## What you'll learn in this course

* What is Dimensionality Reduction and why do we use it
* What is PCA
* The Intuition Behind the computation

## **Dimensionality Reduction**

There is this misconception in data science that the more explanatory variables we have at our disposal, the better the model we can derive from them.

The key to effective data science is producing useful results within a given context. Sometimes, having too many variables can introduce redundancy and make interpretation difficult.
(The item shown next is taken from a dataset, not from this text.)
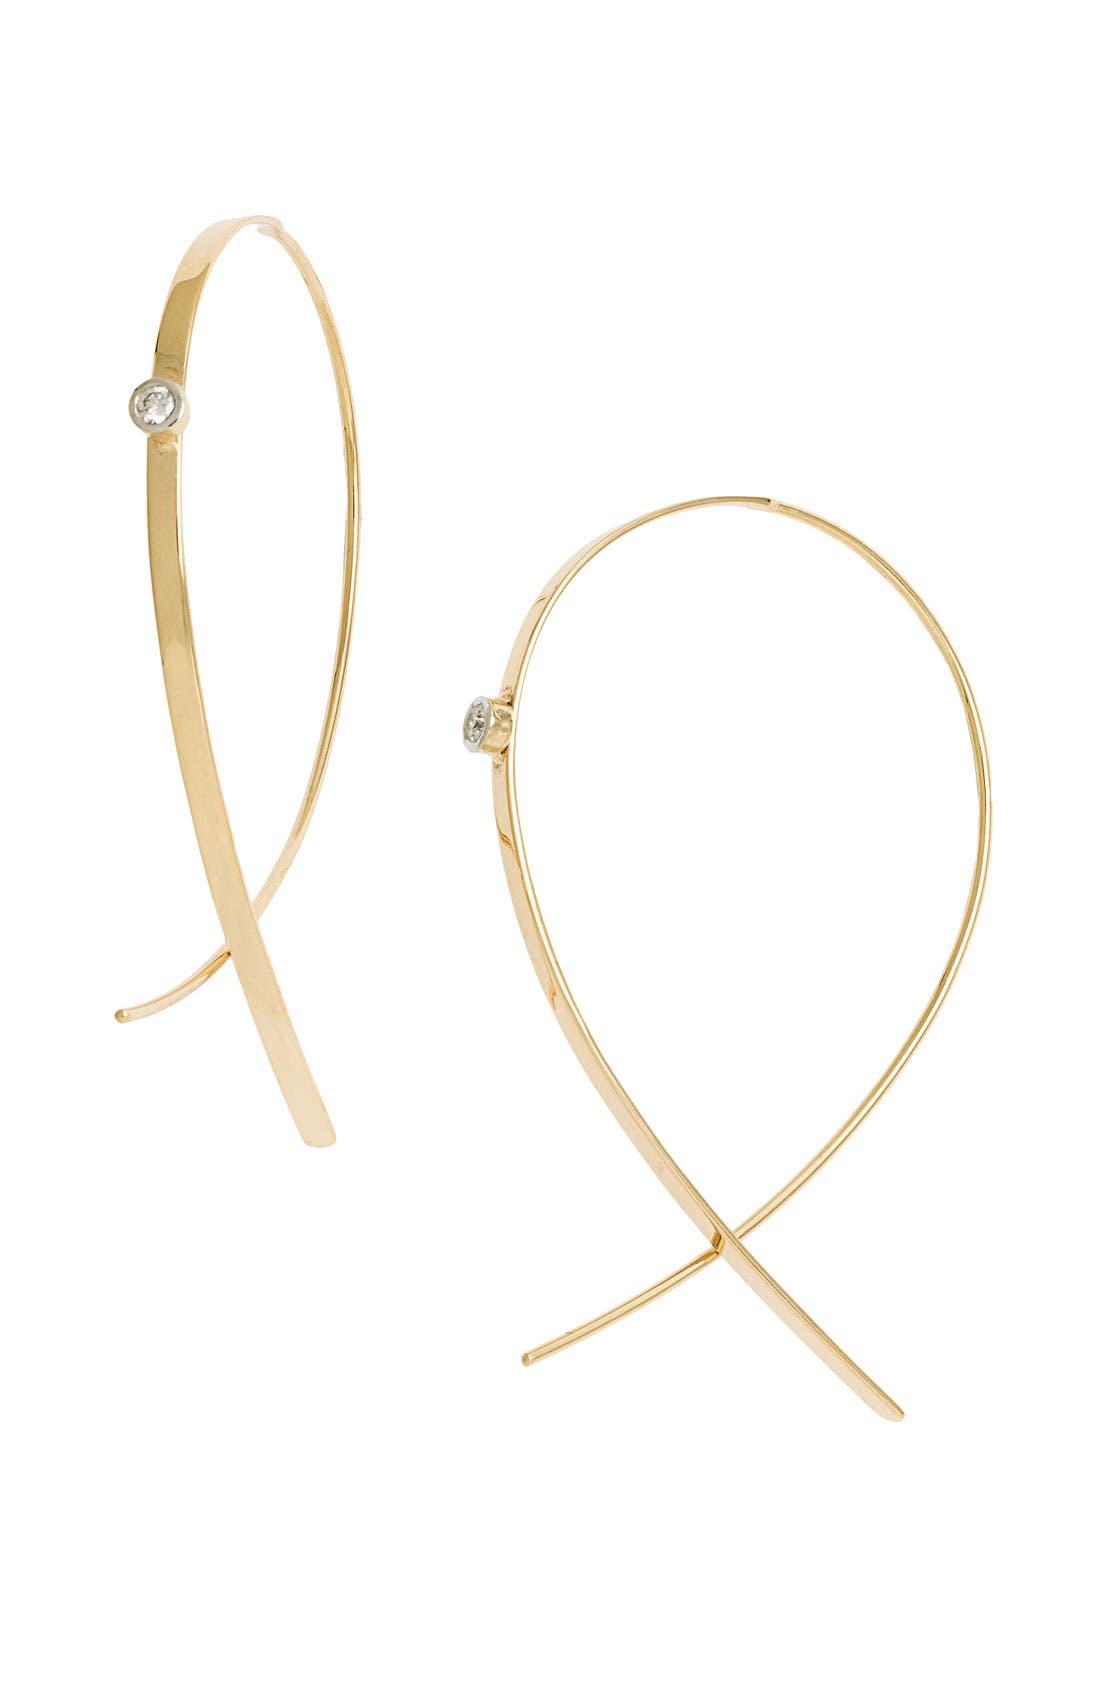 Alternate Image 1 Selected - Lana Jewelry 'Small Upside Down' Diamond Hoop Earrings

To address this, we use dimensionality reduction techniques. These methods allow us to summarize data efficiently, reducing the number of features while preserving the most important information.

---

## **Why Do We Use Dimensionality Reduction**

### 1. Visualisation

Imagine you have a dataset with four dimensions (4-D). Since humans can only visualize up to three dimensions, plotting such data directly is impossible. However, by reducing the dimensionality (e.g., from 4D to 2D), we can project the data into a lower-dimensional space and visualize it more easily.


### 2. Noise Reduction

It is common in data science to have redundant or highly correlated variables that describe the same phenomenon. Reducing the number of dimensions can filter out noise and highlight the most relevant patterns. Think about a dataset of blurry images with excessive noise.

---

## **Principal Component Analysis (PCA)**

PCA is the most famous algorithm for dimensionality reduction.

The idea of this unsupervised algorithm is to create a linear combination of features that will transform your initial dataset into a smaller dataset.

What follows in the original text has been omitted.